§ TASK GOAL
Restate the data word for word. Leave the pictures out.

§ DATA SEGMENT
------

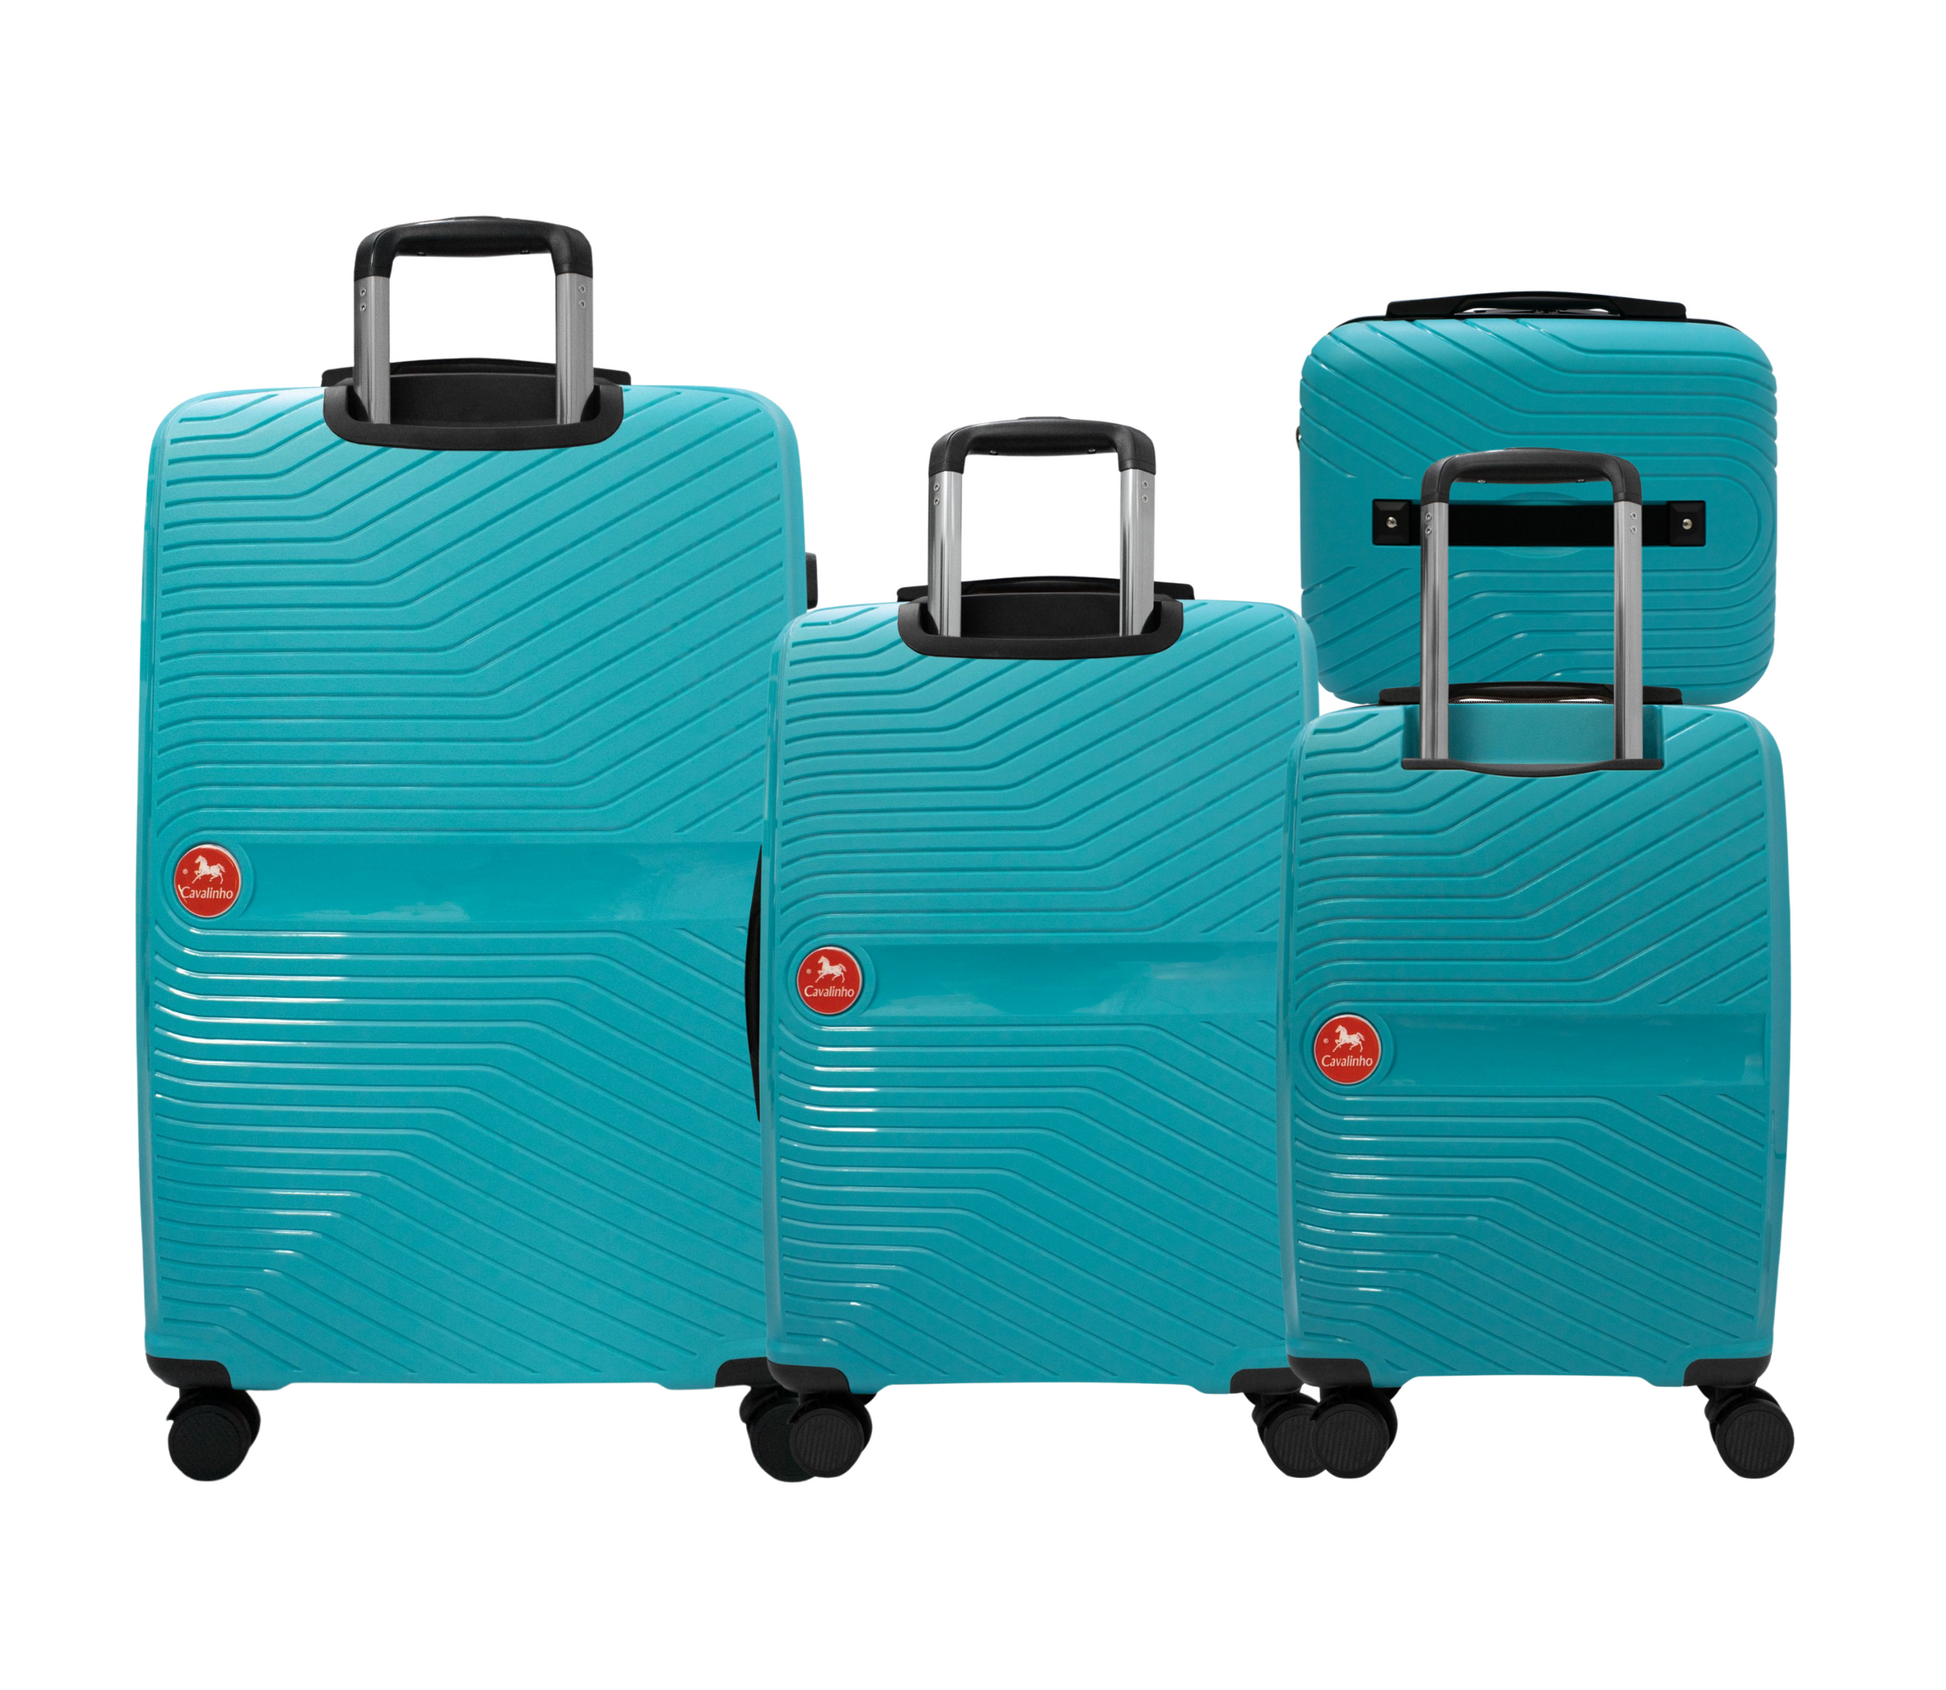 Cavalinho Canada & USA 4 Piece Set of Colorful Hardside Luggage (15", 19", 24", 28") - DarkTurquoise - 68020004.25.S4_3
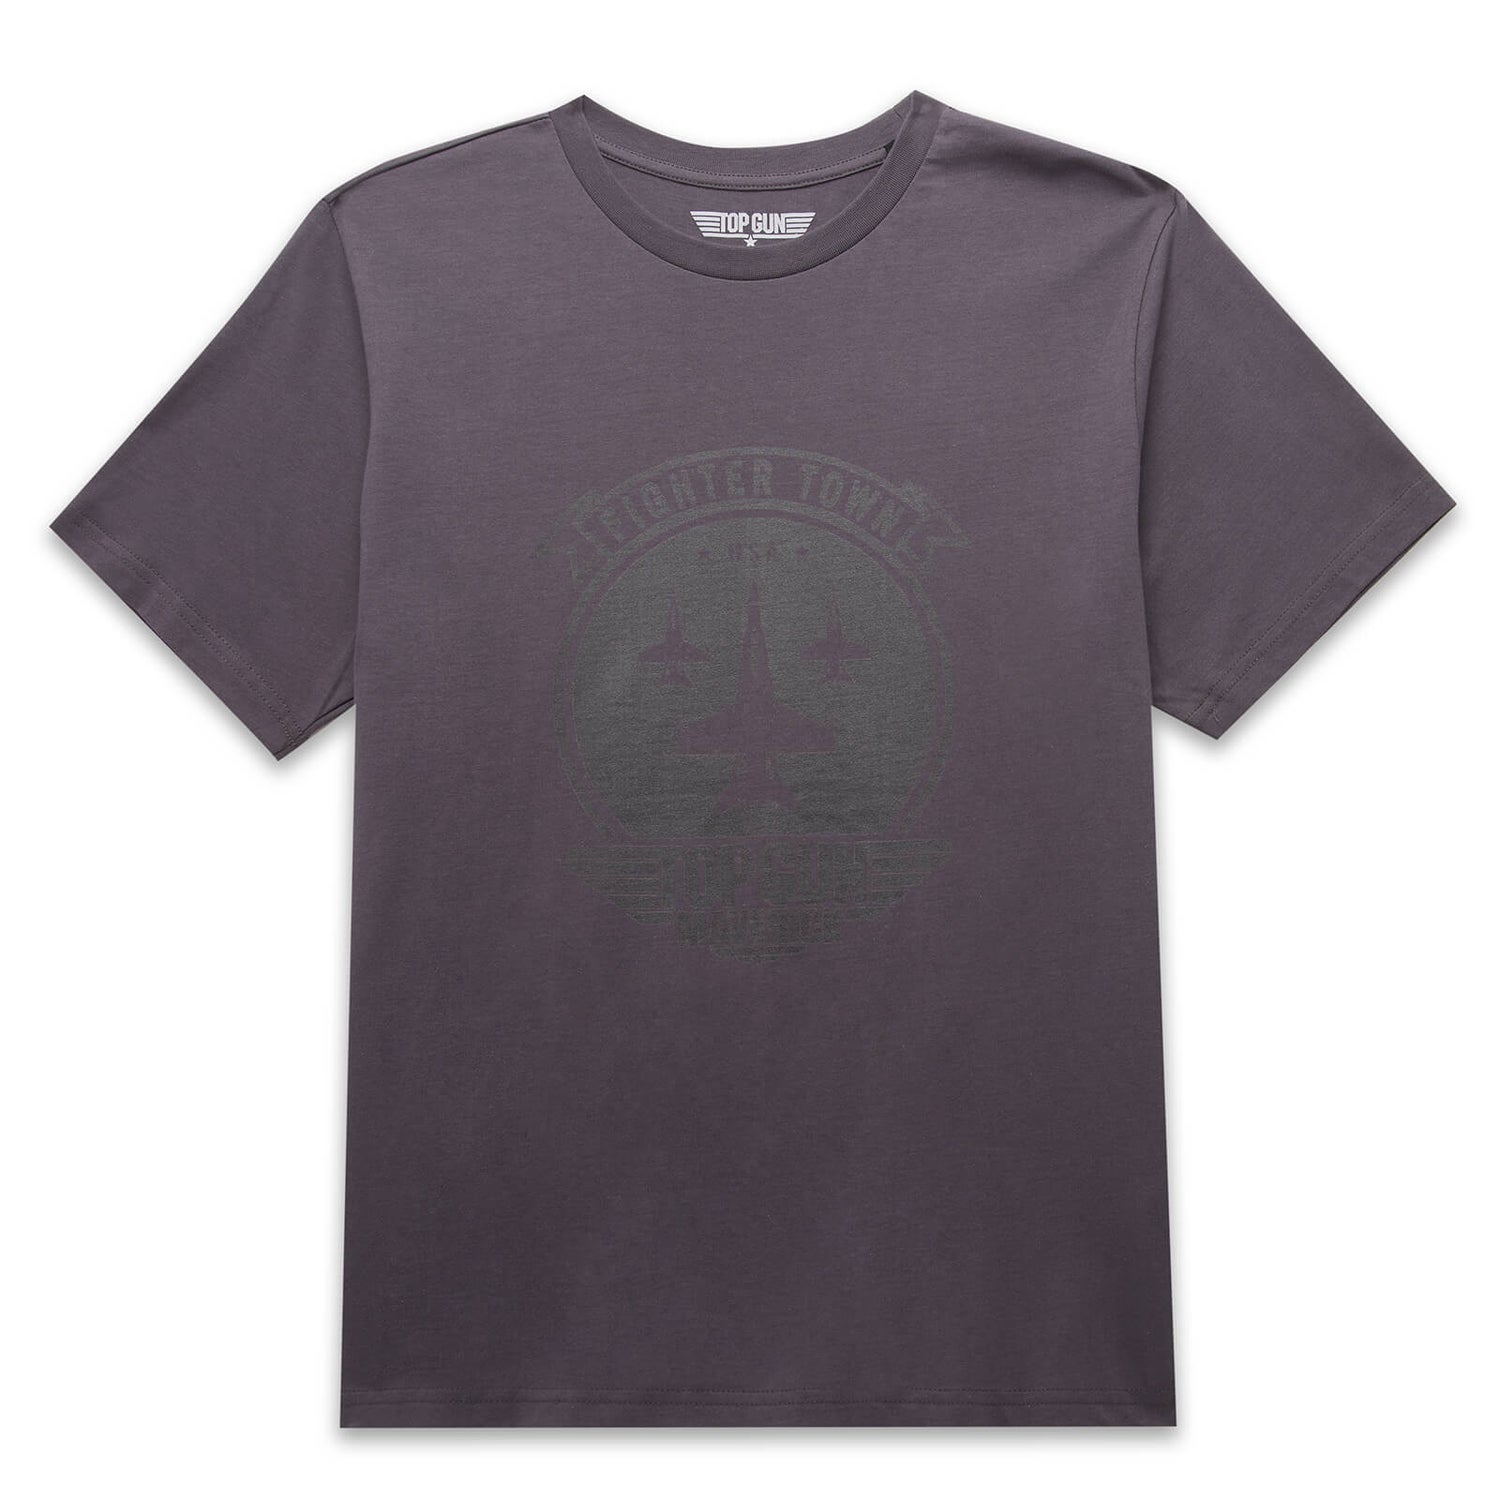 Camiseta unisex de Top Gun Fighter Town - Gris oscuro
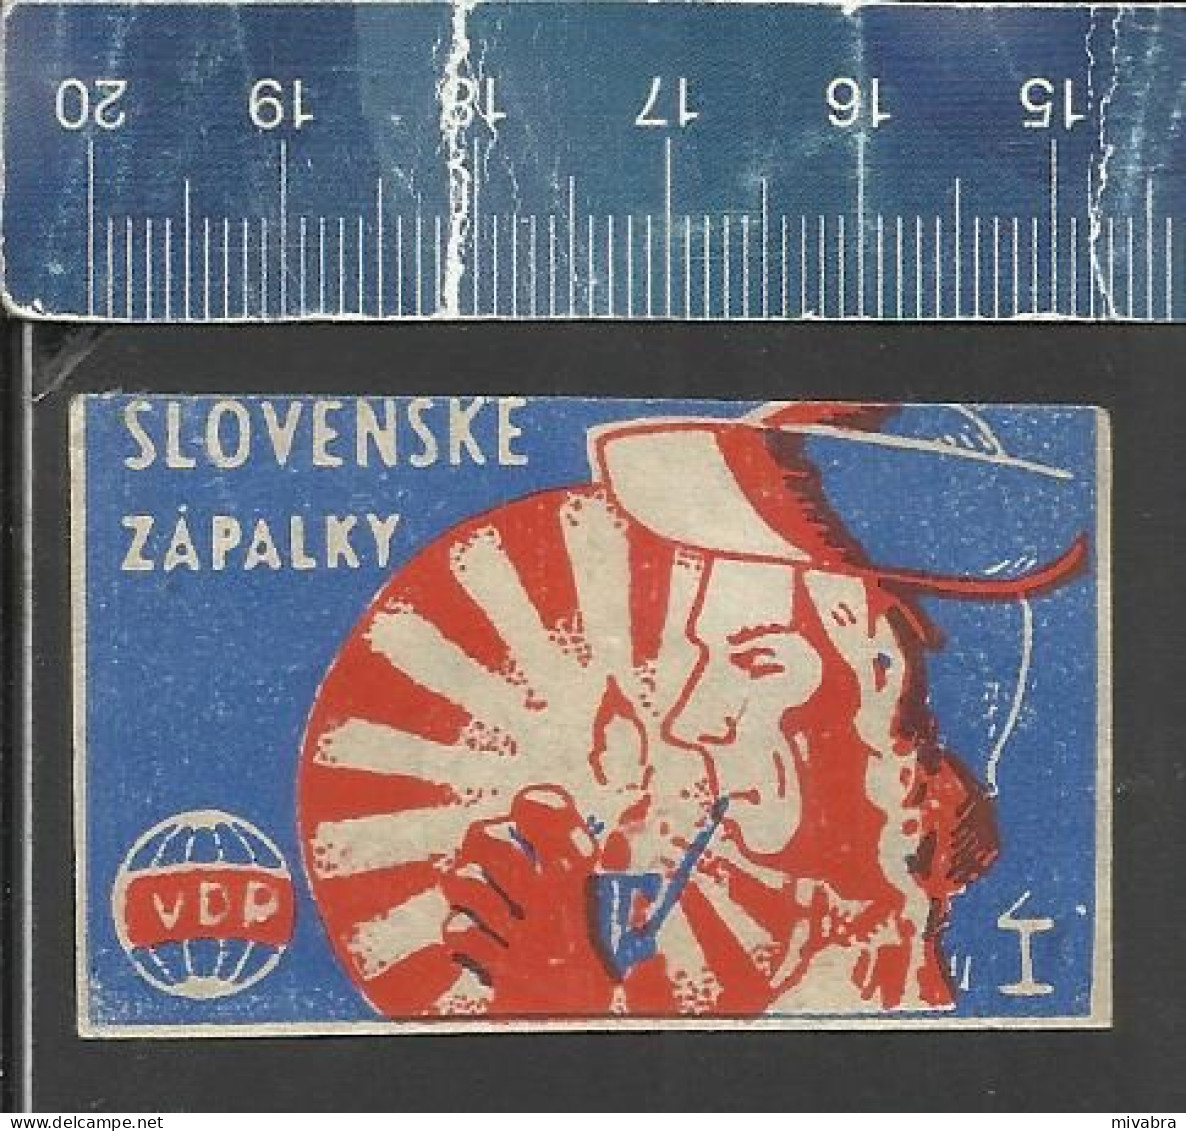 SLOVENSKE ZAPALKY VDP I ( MAN LICHTING A PIPE ) - OLD VINTAGE CZECHOSLOVAKIAN MATCHBOX LABEL - Luciferdozen - Etiketten

------

§ RESULT
 Cavalinho Canada & USA 4 Piece Set of Colorful Hardside Luggage (15", 19", 24", 28") - DarkTurquoise - 68020004.25.S4_3
 Camiseta unisex de Top Gun Fighter Town - Gris oscuro
 SLOVENSKE ZAPALKY VDP I ( MAN LICHTING A PIPE ) - OLD VINTAGE CZECHOSLOVAKIAN MATCHBOX LABEL - Luciferdozen - Etiketten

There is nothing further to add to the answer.